Commit Graph

4 Commits

Author SHA1 Message Date
marfrit 2a449632b9 Phase 8.4: daemon ↔ kernel decode round-trip (VP9 end-to-end)
Wires the Phase 8.3 FFmpeg loader through the Phase 8.2 chardev
bridge: kernel injects REQ_DECODE carrying a raw VP9 access unit,
daemon hands the bitstream to libavcodec via dlopen, sends
RESP_FRAME back with a content-dependent FNV-1a digest of the
decoded YUV planes. Pure CPU decode for now — Phase 8.5 swaps in
dmabuf + QPU dispatch.

Protocol (include/daedalus_v4l2_proto.h):
- New REQ_DECODE (kernel→daemon) and RESP_FRAME (daemon→kernel)
  message types, with fixed-size payload structs.
- New DAEDALUS_CODEC_VP9/AV1/H264 enum (wire-stable so 8.6's
  AV1+H.264 work doesn't move existing values).
- New DAEDALUS_DECODE_* status enum (OK / NO_FRAME / ERR_OPEN /
  ERR_SEND / ERR_RECV / ERR_CODEC).
- Converted the prior `enum daedalus_msg_type` to #defines —
  high-bit values exceed INT_MAX and tripped -Wpedantic on
  userspace; kernel uABI headers use the same idiom.

Kernel (kernel/daedalus_v4l2_chardev.c):
- New debugfs entry /sys/kernel/debug/daedalus_v4l2/test_decode:
  writing raw bitstream bytes wraps them in a REQ_DECODE
  (codec=VP9 for Phase 8.4) and enqueues with an
  auto-incrementing cookie.
- daedalus_chardev_write learned RESP_FRAME: parses the payload
  and emits a single pr_info line with decode metadata.
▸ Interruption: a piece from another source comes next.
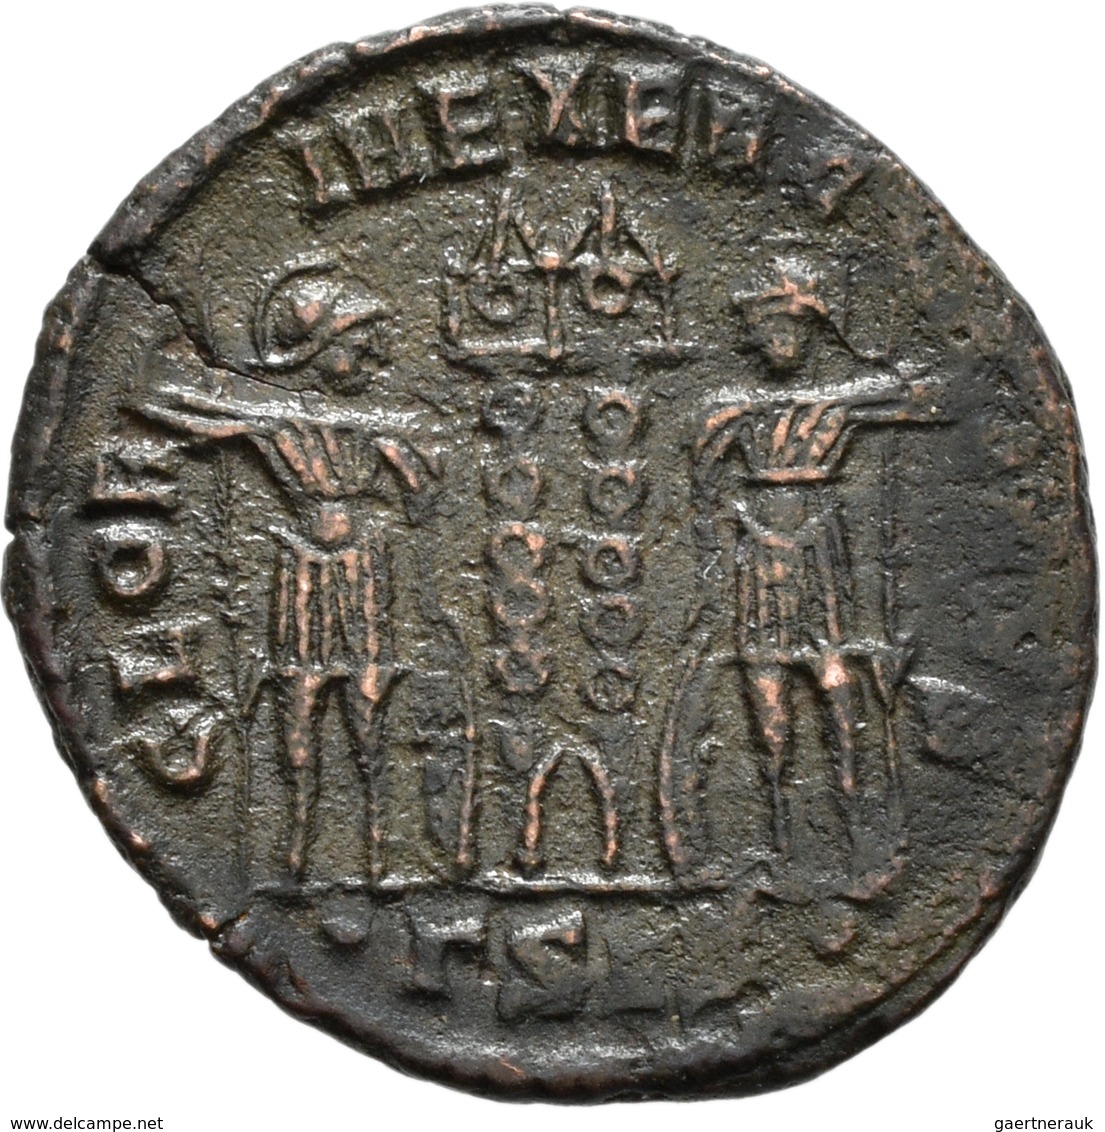 Antike: Kleine Sammlung Bronzemünzen aus der Römischen Kaiserzeit; meist Æ - Follis, unter anderem v
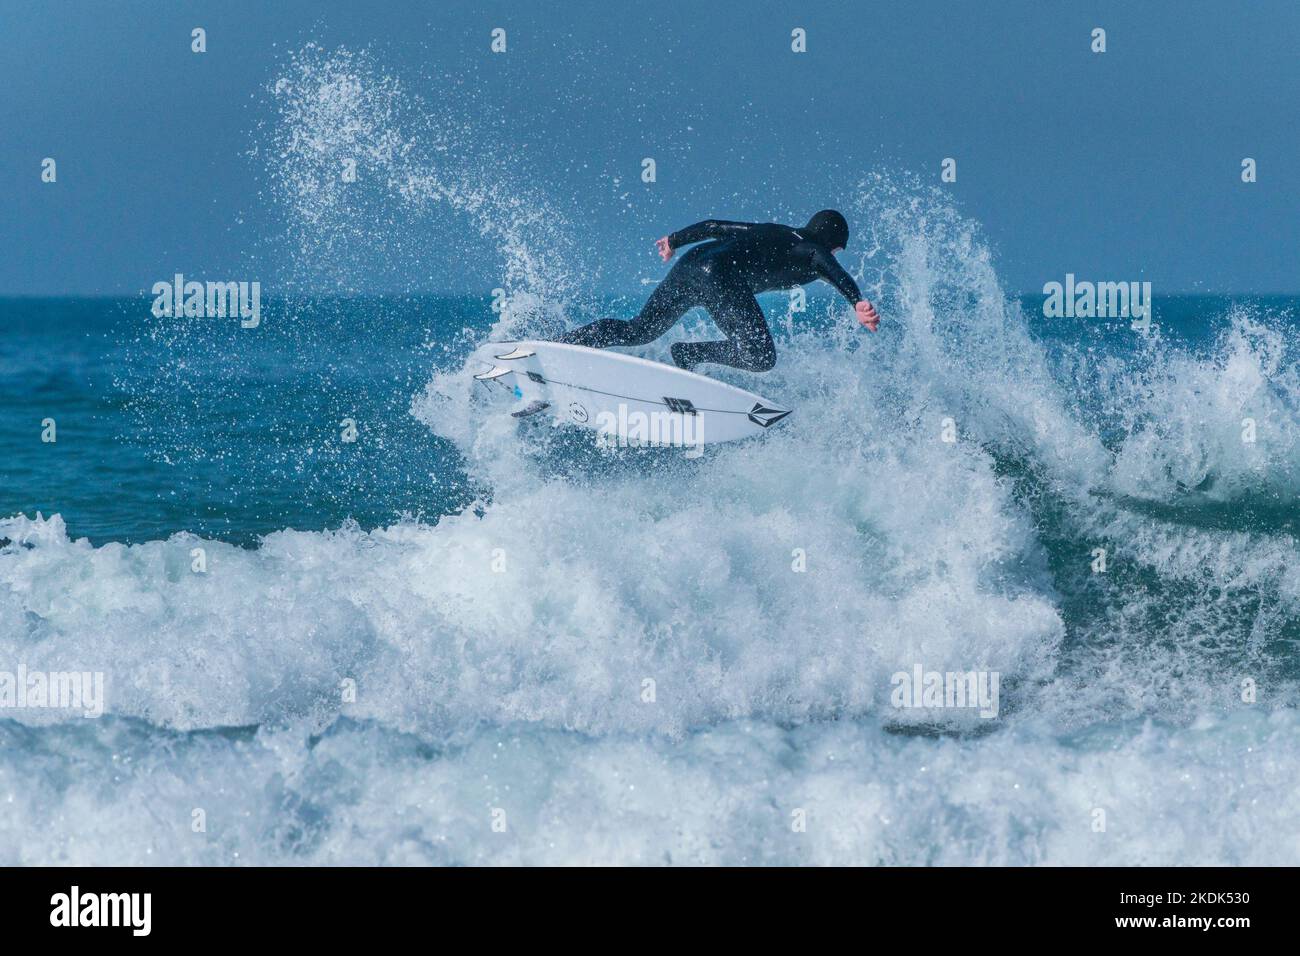 Une action de surf spectaculaire en surfant sur une vague à Fistral à Newquay, en Cornouailles, au Royaume-Uni. Banque D'Images

Keeps
  existing PONG handling on the default arm.

Daemon (daemon/src/...):
- chardev_client.{c,h} — opens /dev/daedalus-v4l2, blocking read
  loop, single-buffer write() responses (kernel chardev has only
  .write, not .write_iter, so writev lands as -EINVAL —
  discovered the hard way during first run).
- decoder.{c,h} — lazily-opened AVCodecContext per codec, shared
  AVPacket/AVFrame pair, descriptor-driven plane walker
  (av_pix_fmt_desc_get) so the same hash path covers YUV420P,
  YUV422P, YUV444P, GBRP and other 8-bit planar layouts.
  Generalised after first run decoded testsrc as GBRP (71)
  rather than the assumed YUV420P.
- `daemon` command in main.c opens the chardev and runs the loop
  until SIGINT/SIGTERM. Cookie correlation handled end-to-end.
- ffmpeg_loader gained av_pix_fmt_desc_get (23 symbols total).

Build:
- CMakeLists adds chardev_client.c + decoder.c; explicit
  -I../include for the shared protocol header.
- Still -Wall -Wextra -Wpedantic clean.

Verification on hertz (Pi 5, 6.12.75+rpt-rpi-2712):

  $ ffmpeg ... -pix_fmt yuv420p -c:v libvpx-vp9 -frames:v 1 \
           -y /tmp/vp9_test.ivf
  $ python3 ... strip IVF framing → vp9_keyframe.bin (3268 B)

  $ sudo insmod kernel/daedalus_v4l2.ko
  $ daedalus_v4l2_daemon -v daemon &
  $ sudo dd if=vp9_keyframe.bin \
         of=/sys/kernel/debug/daedalus_v4l2/test_decode

  daemon: REQ_DECODE cookie=2 → decoded yuv420p 320x240
          fnv1a=0x6ef10d71 luma=76800 chroma=38400
  kernel: RESP_FRAME cookie=2 status=0 320x240 pixfmt=0
          fnv1a=0x6ef10d71  ← matches daemon ✓

Hash properties verified:
  cookie=2  testsrc 3268 B → 0x6ef10d71  (first decode)
  cookie=3  red     44 B   → 0x7f6e5dc5  (content-dependent ✓)
  cookie=4  testsrc 3268 B → 0x6ef10d71  (deterministic ✓)
  cookie=5  64 B random    → status=101  (ERR_SEND, daemon alive)

Daemon survives bad input (FFmpeg "Invalid sync code" wrapped
into structured ERR_SEND response). Clean SIGTERM shutdown,
clean rmmod.

Phase 8.4 acceptance criteria met:
- ✓ end-to-end kernel→daemon→FFmpeg→kernel round-trip
- ✓ cookie correlation per request/response pair
- ✓ content-dependent + deterministic digest
- ✓ structured error responses (no daemon crash on bad input)
- ✓ clean teardown (SIGTERM + rmmod)
- ✓ builds clean on both kernel kbuild and daemon CMake

Per correctness-before-speed:
- Real chardev I/O (no shortcuts, no select-loop hacks)
- Real FFmpeg AVCodecContext lifecycle (lazily opened, properly
  freed on cleanup)
- Descriptor-driven plane walk (generalises across pix_fmts)
- Structured error path (not just log-and-continue)
- All resource paths cleaned up on every error branch
- Documented why FNV-1a digest, why write() not writev(), why
  pix_desc walk in docs/phase_8_4_closure.md

Phase 8.5 next: V4L2 m2m queue submits REQ_DECODE from
vidioc_qbuf; dmabuf carries actual pixel data so the chardev's
64 KiB cap doesn't gate frame size; begin substituting
daedalus_dispatch_* into the daemon's decode path.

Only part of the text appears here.